··· SOURCE MATERIAL
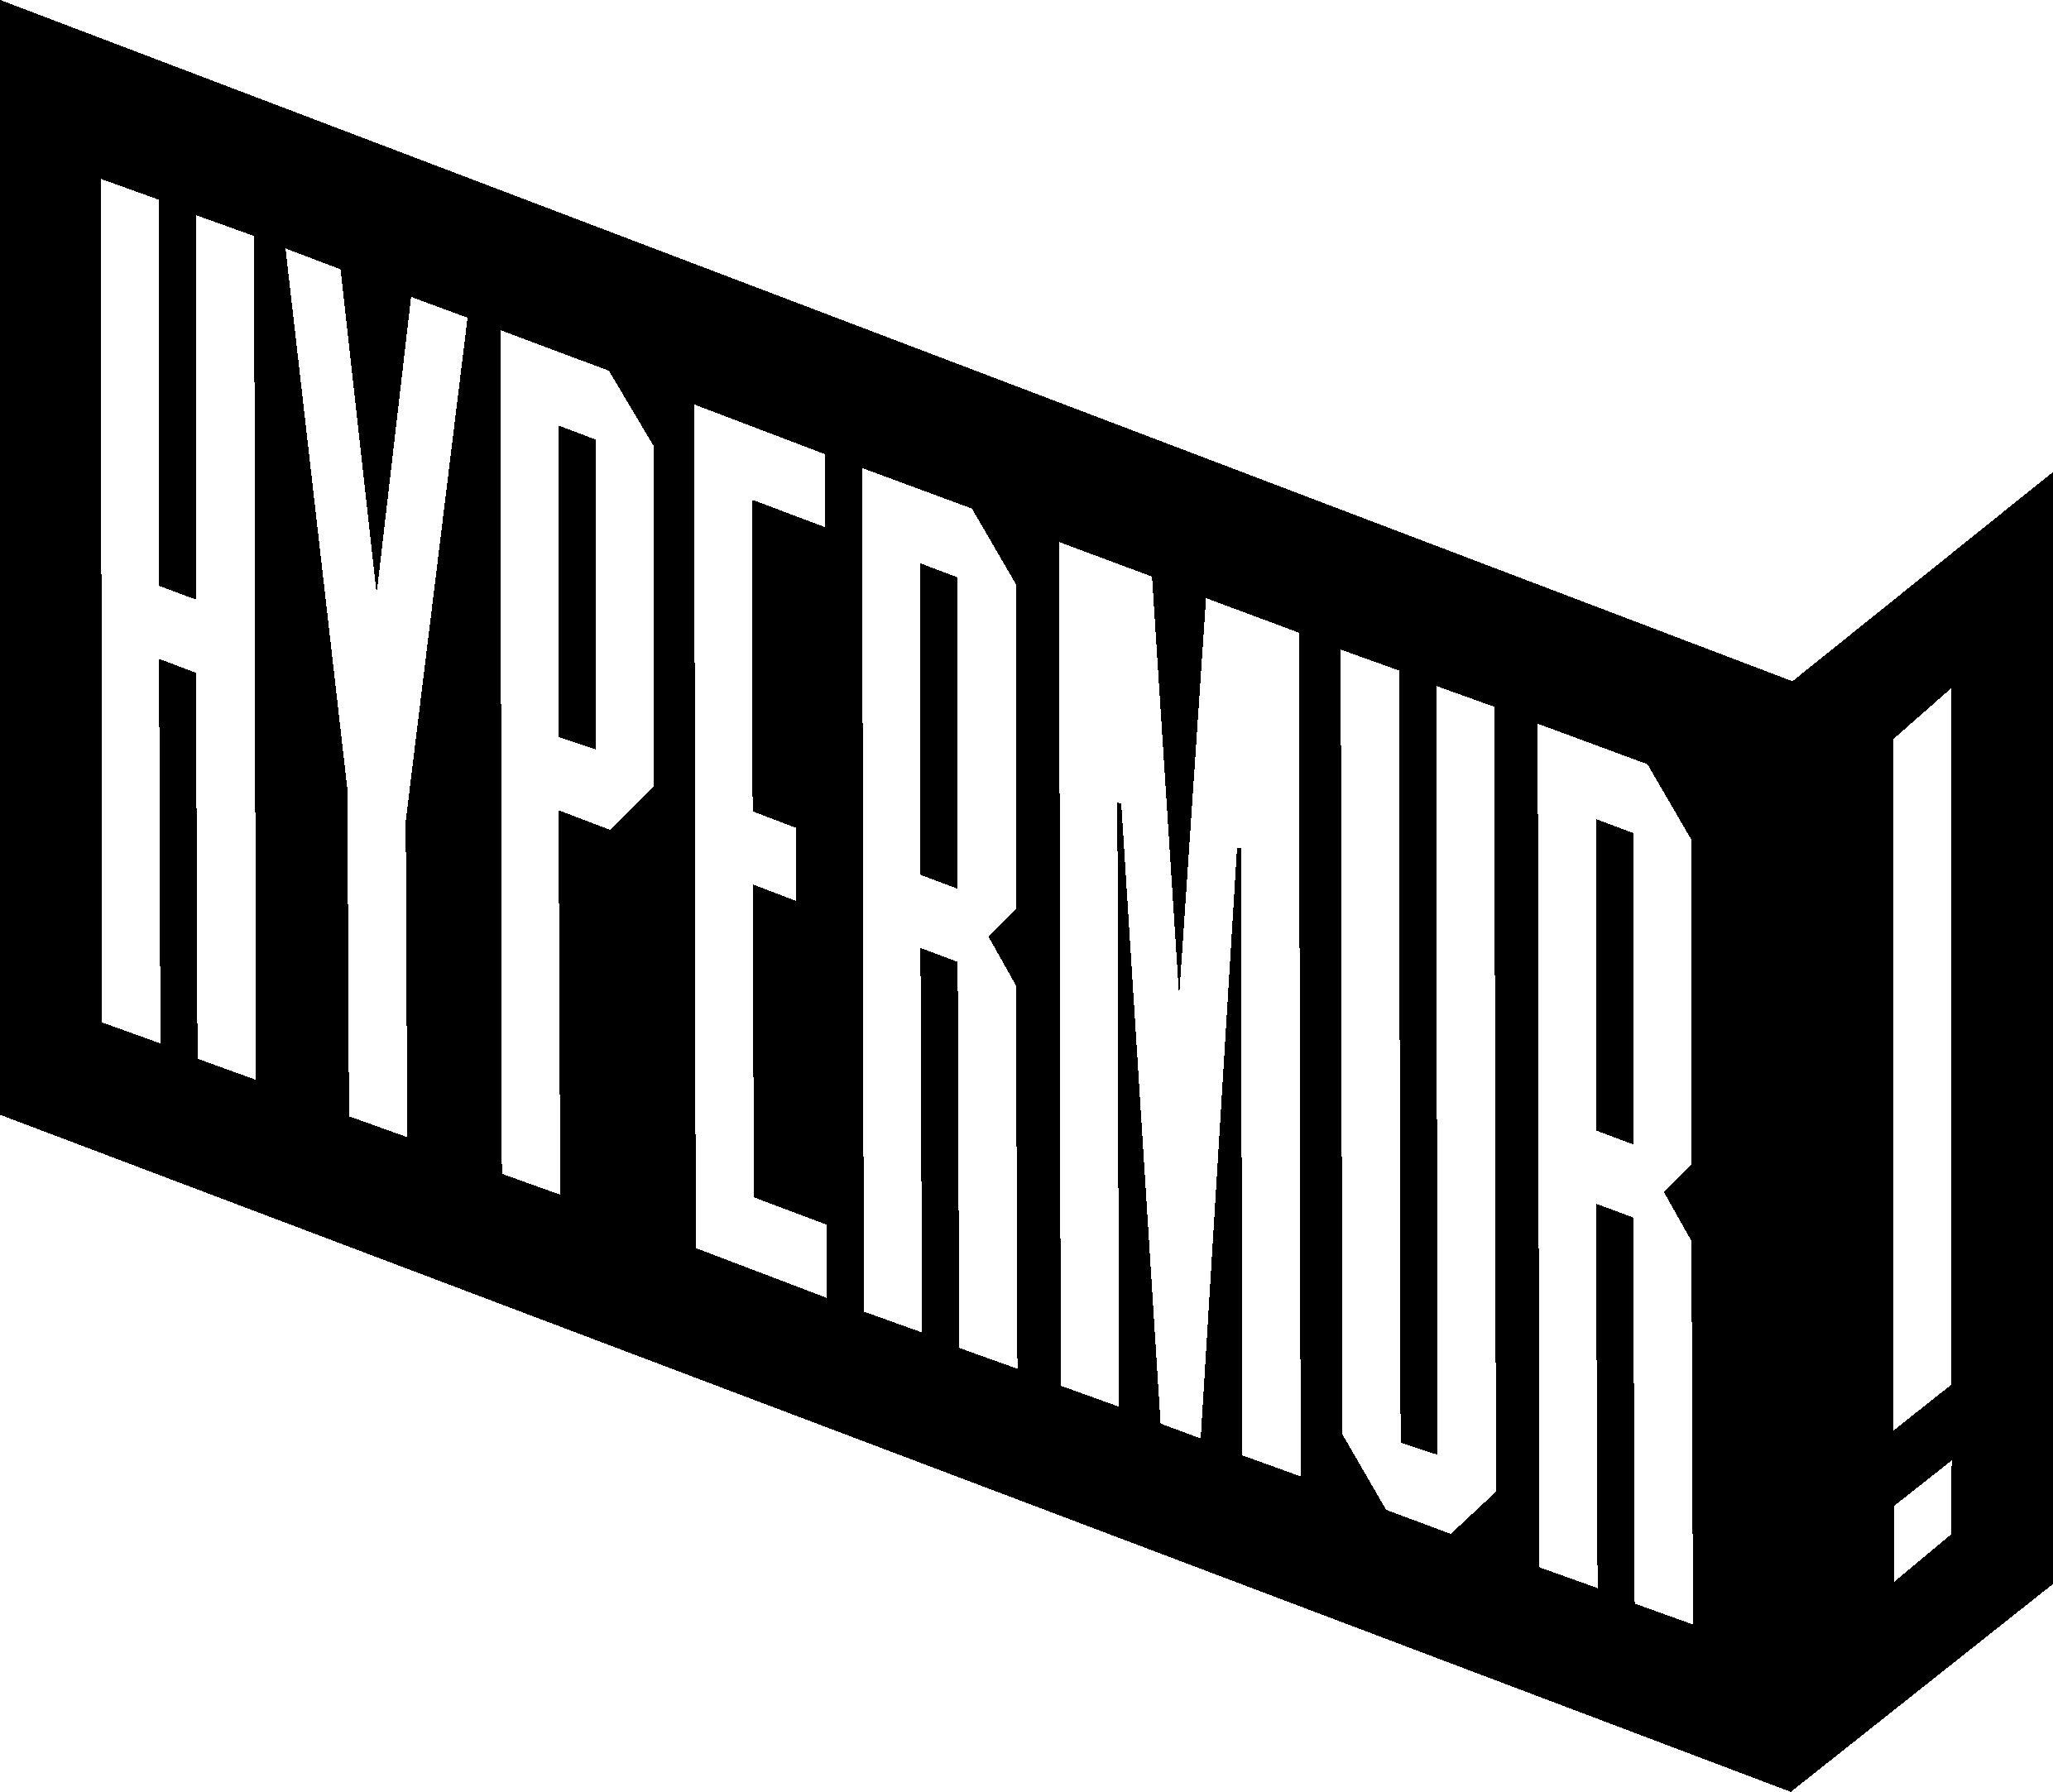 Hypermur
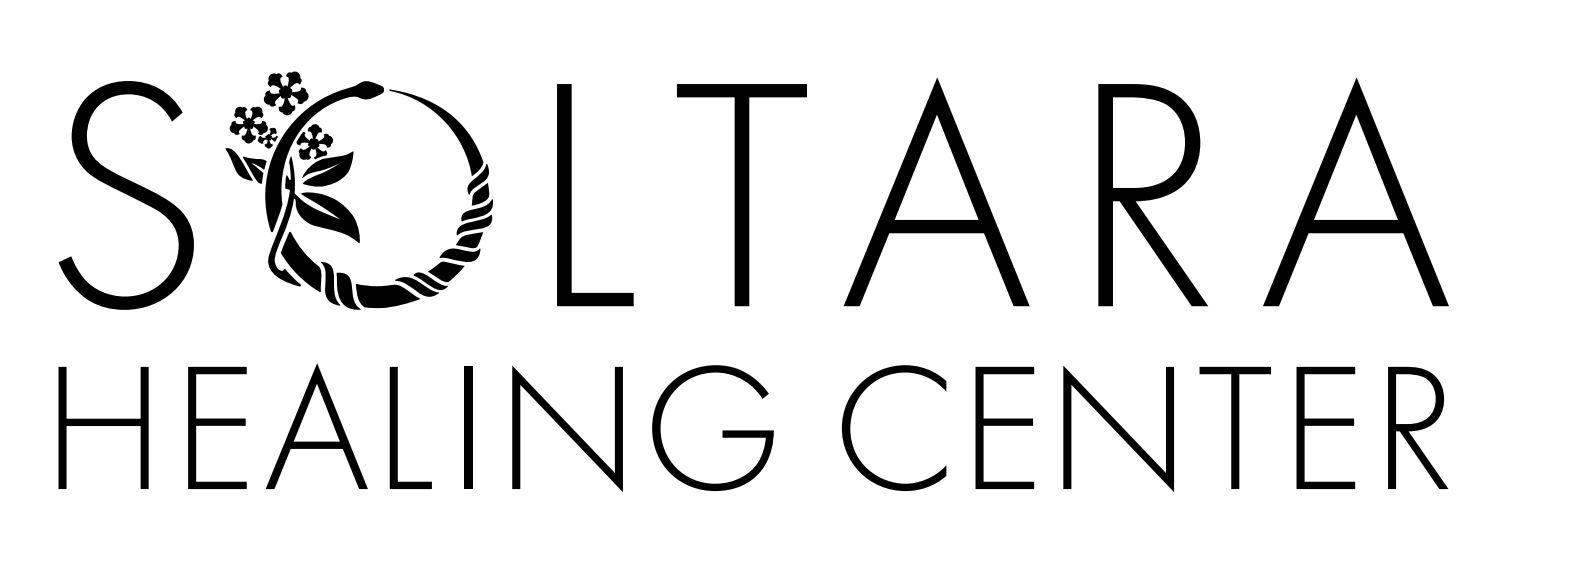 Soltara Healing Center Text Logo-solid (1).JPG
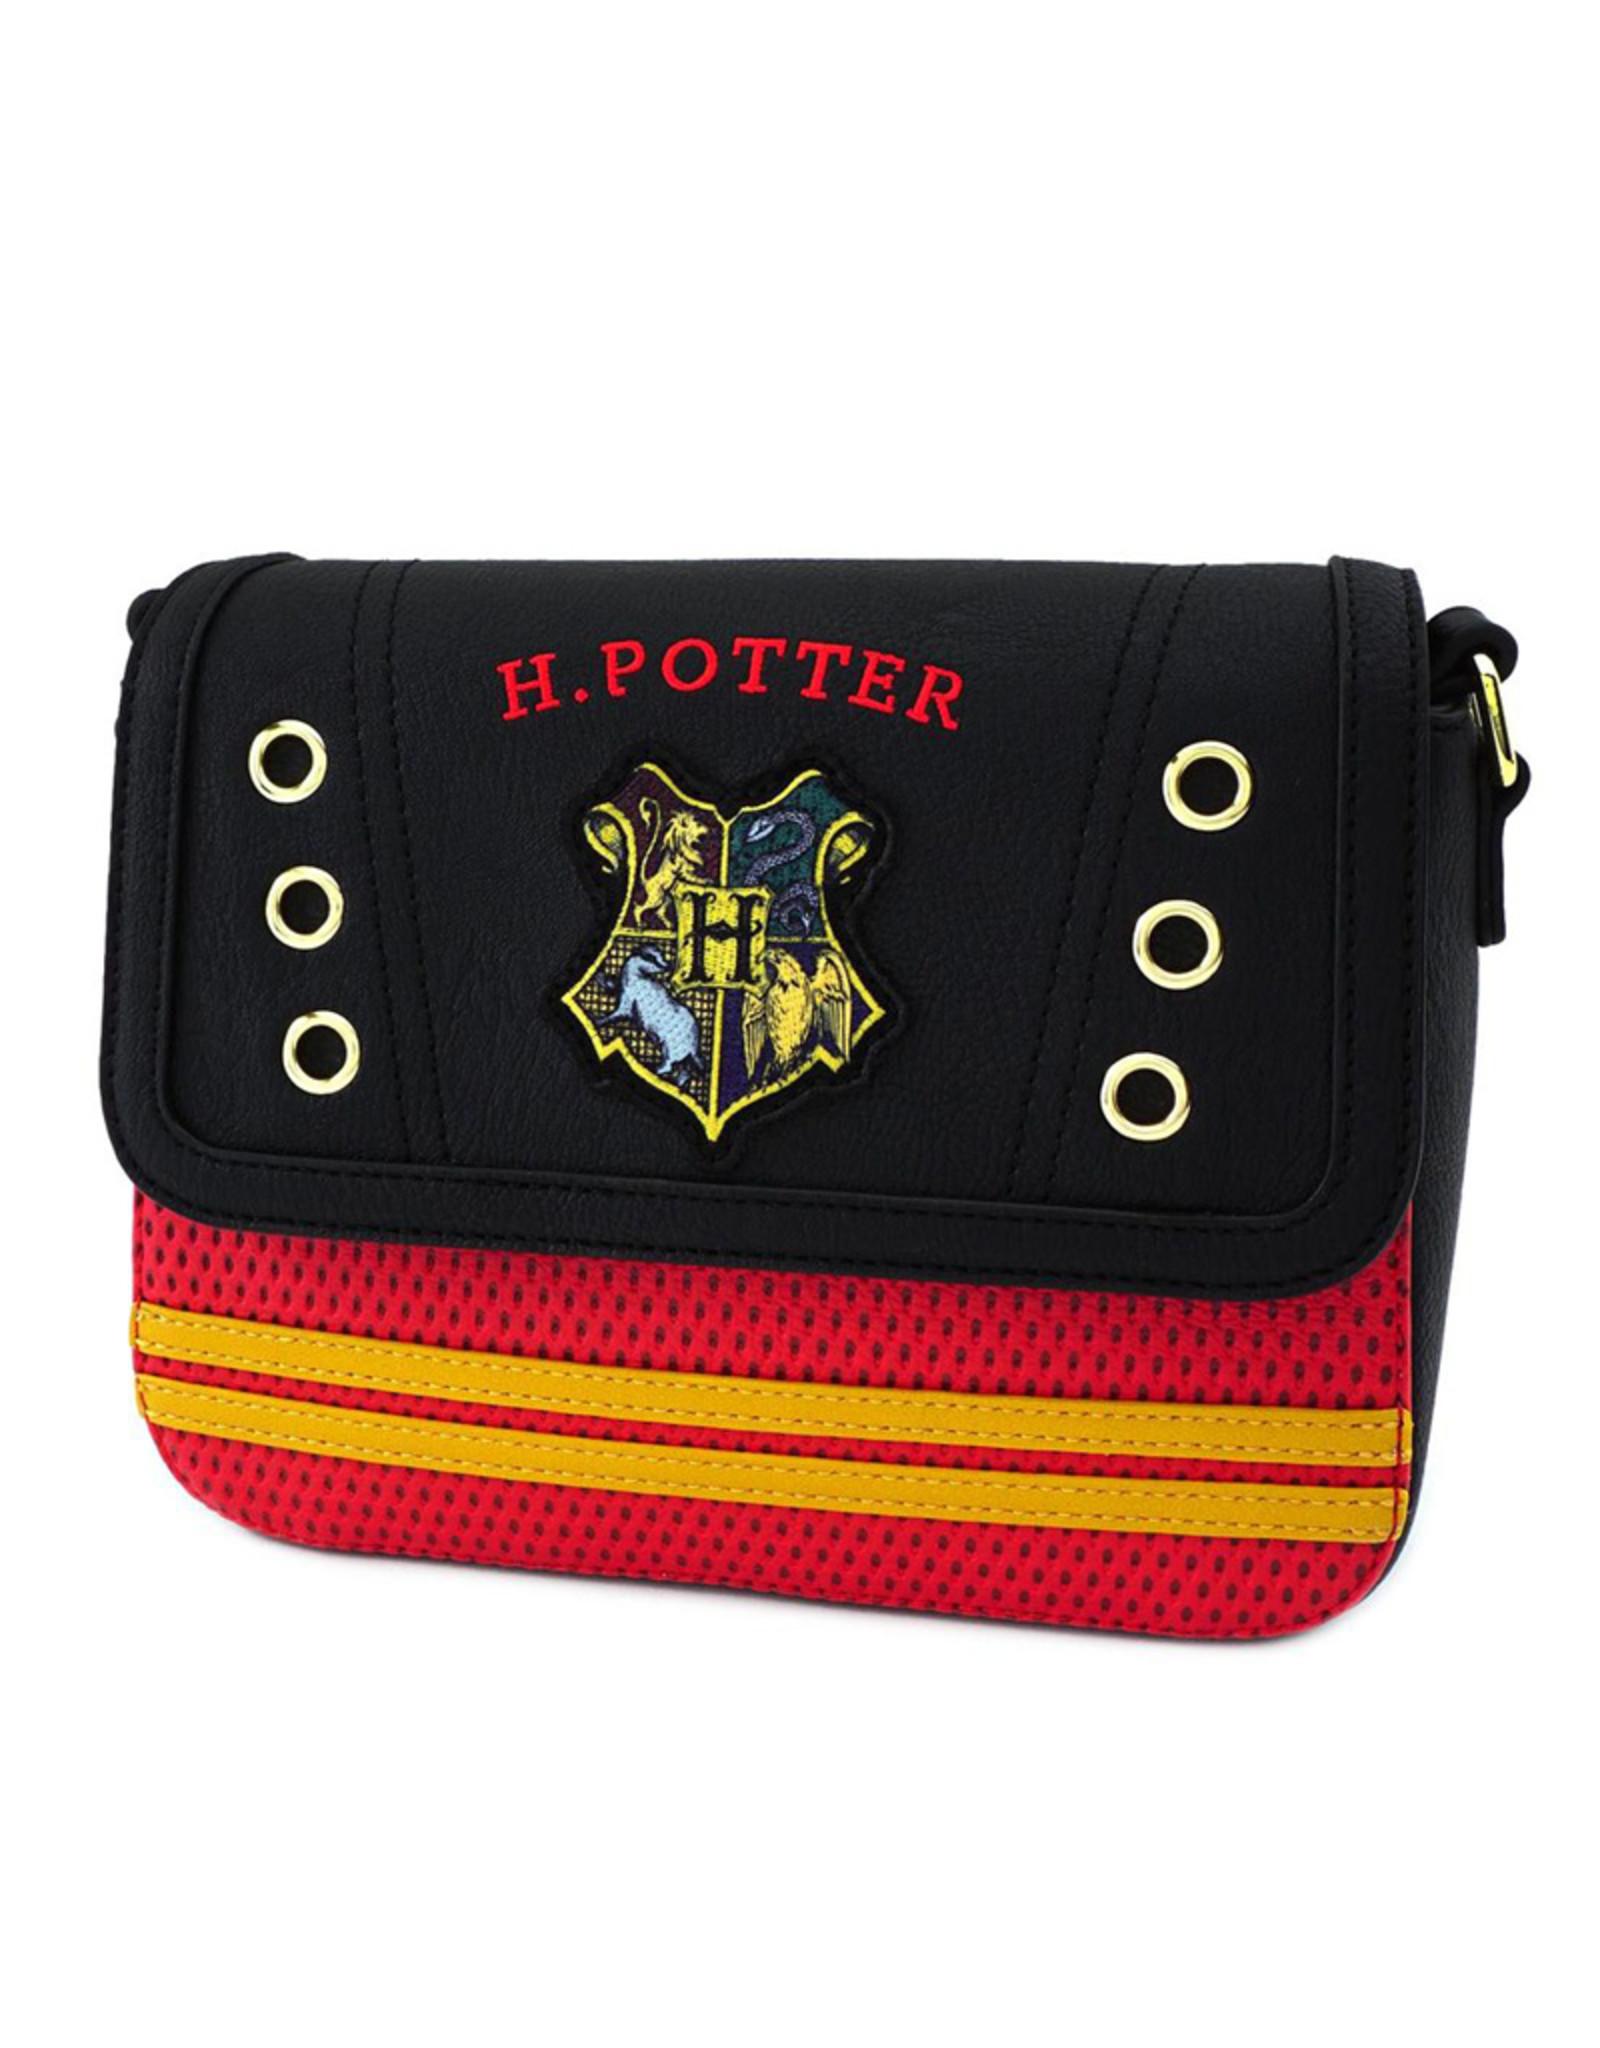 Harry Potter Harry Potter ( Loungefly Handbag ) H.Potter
······
**THE PROBLEM**: Output the material word for word, and keep the pictures out.

**SOLUTION**:
 Hypermur
 Soltara Healing Center Text Logo-solid (1).JPG
 Harry Potter Harry Potter ( Loungefly Handbag ) H.Potter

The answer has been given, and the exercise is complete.